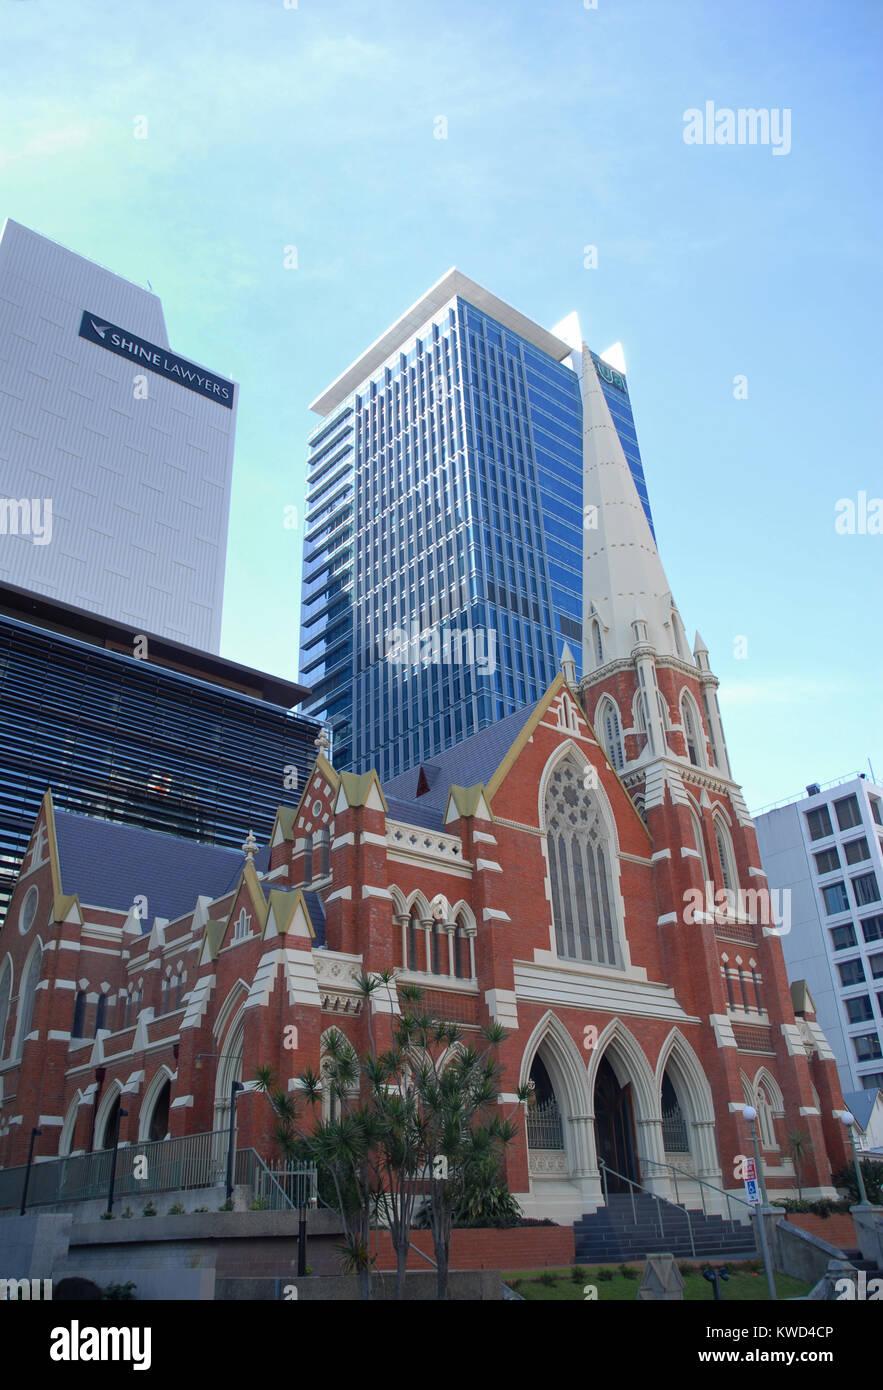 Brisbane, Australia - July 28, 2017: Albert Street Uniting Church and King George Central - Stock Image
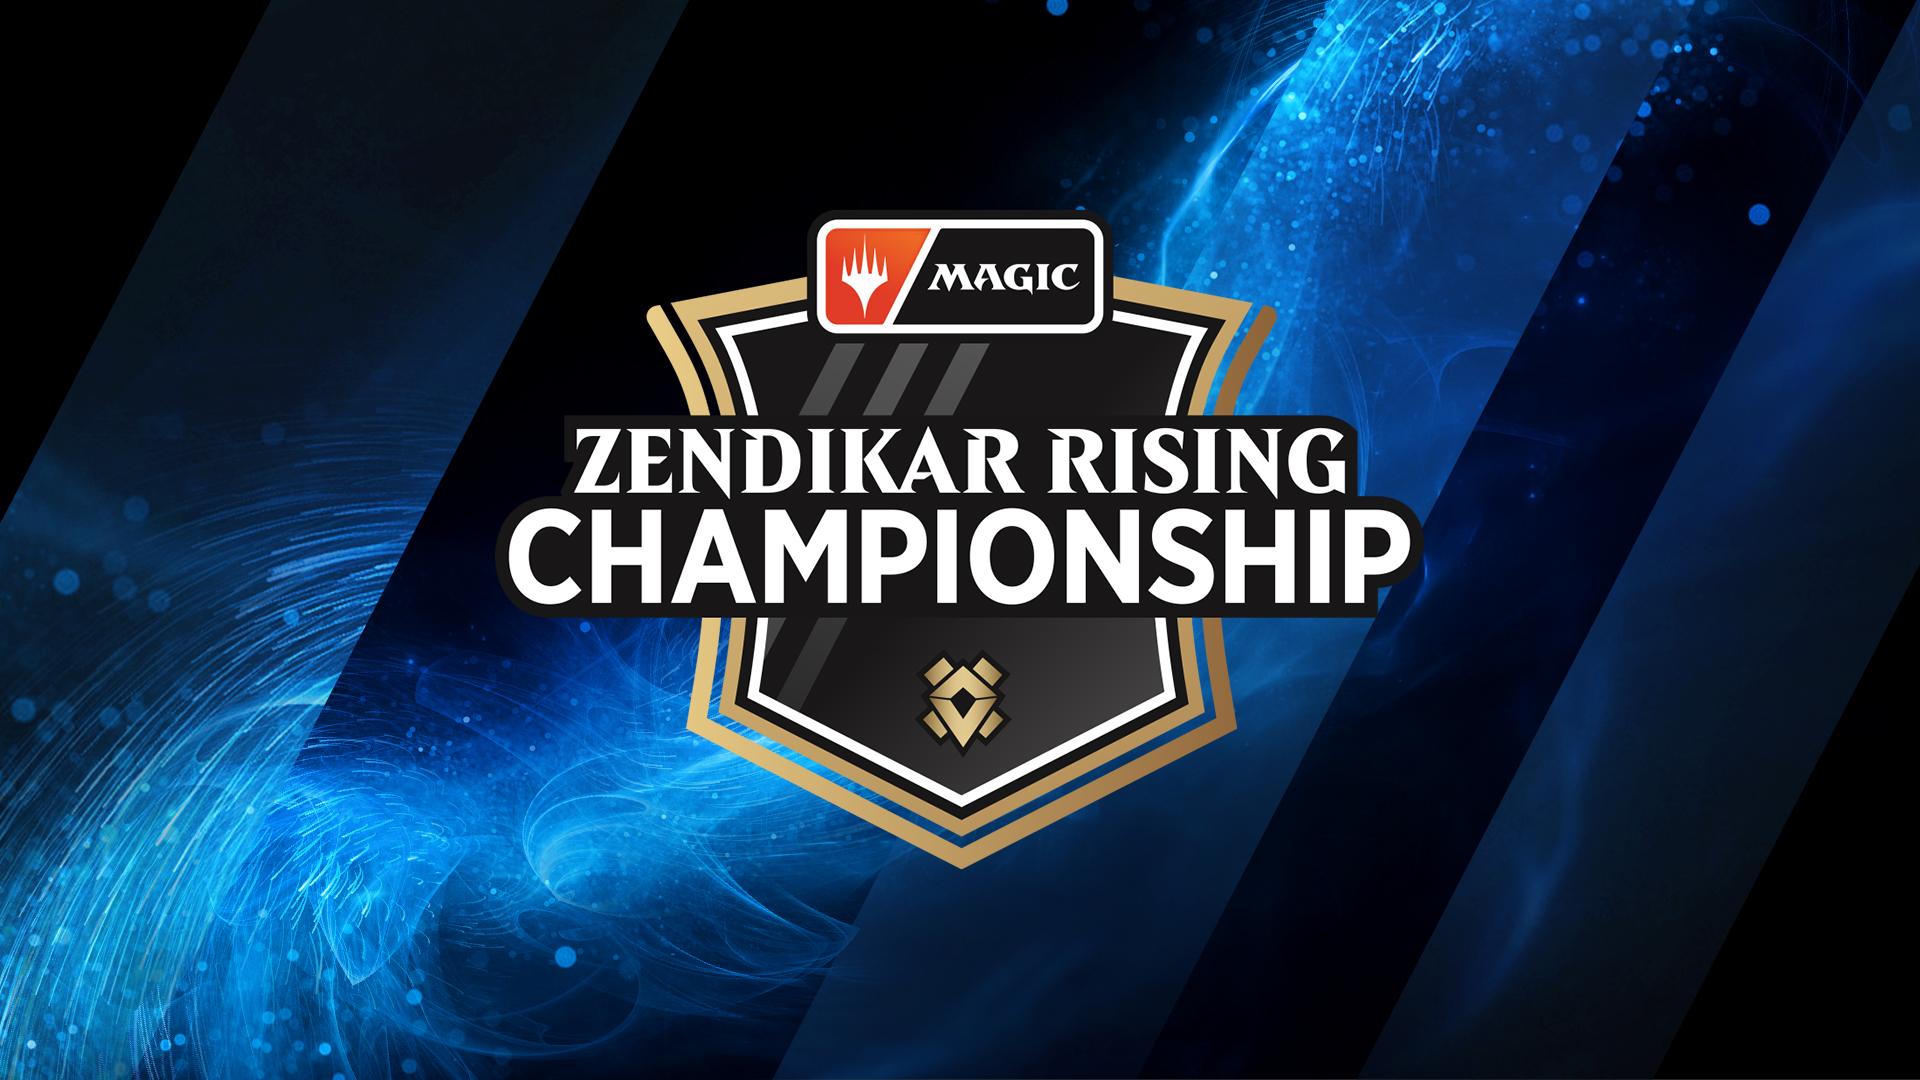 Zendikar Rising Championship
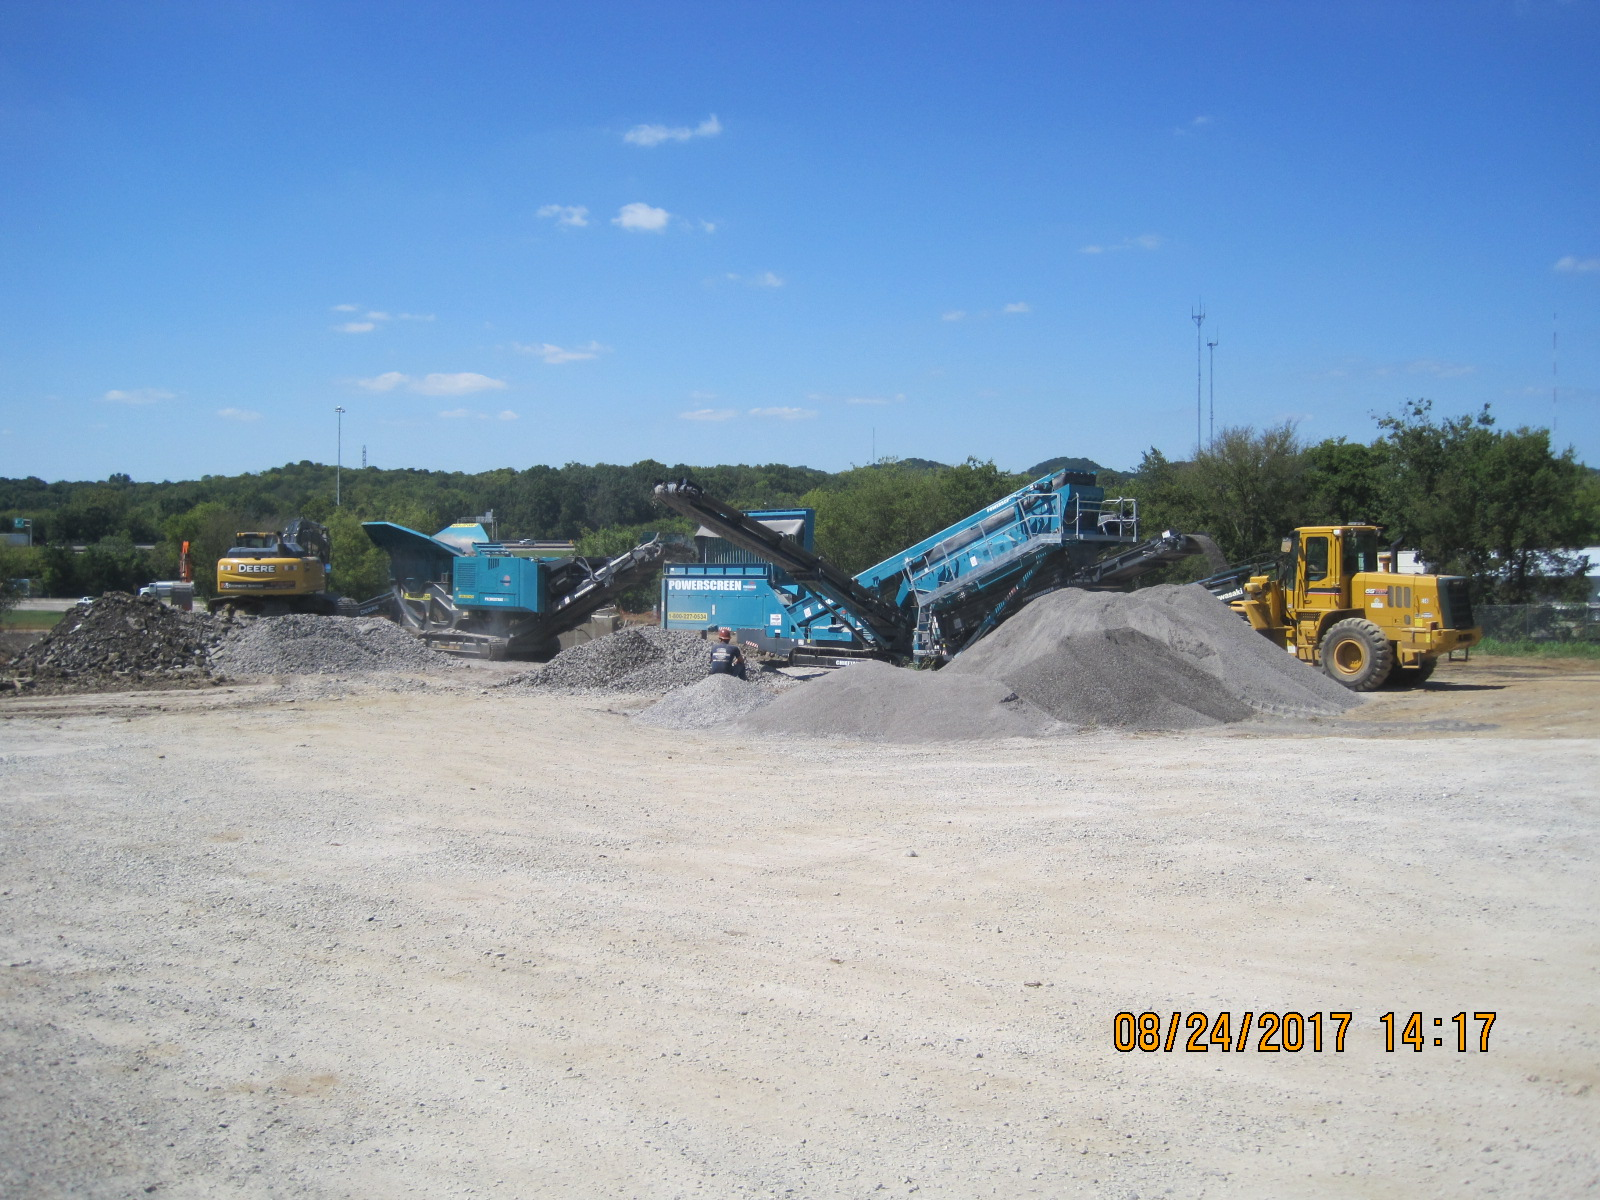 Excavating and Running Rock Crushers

□ □ □ □ □ □ □

What is required -
Return all the material exactly, pictures excluded.

Output -
 Brisbane, Australia - July 28, 2017: Albert Street Uniting Church and King George Central - Stock Image
 Zendikar Rising Championship
 Excavating and Running Rock Crushers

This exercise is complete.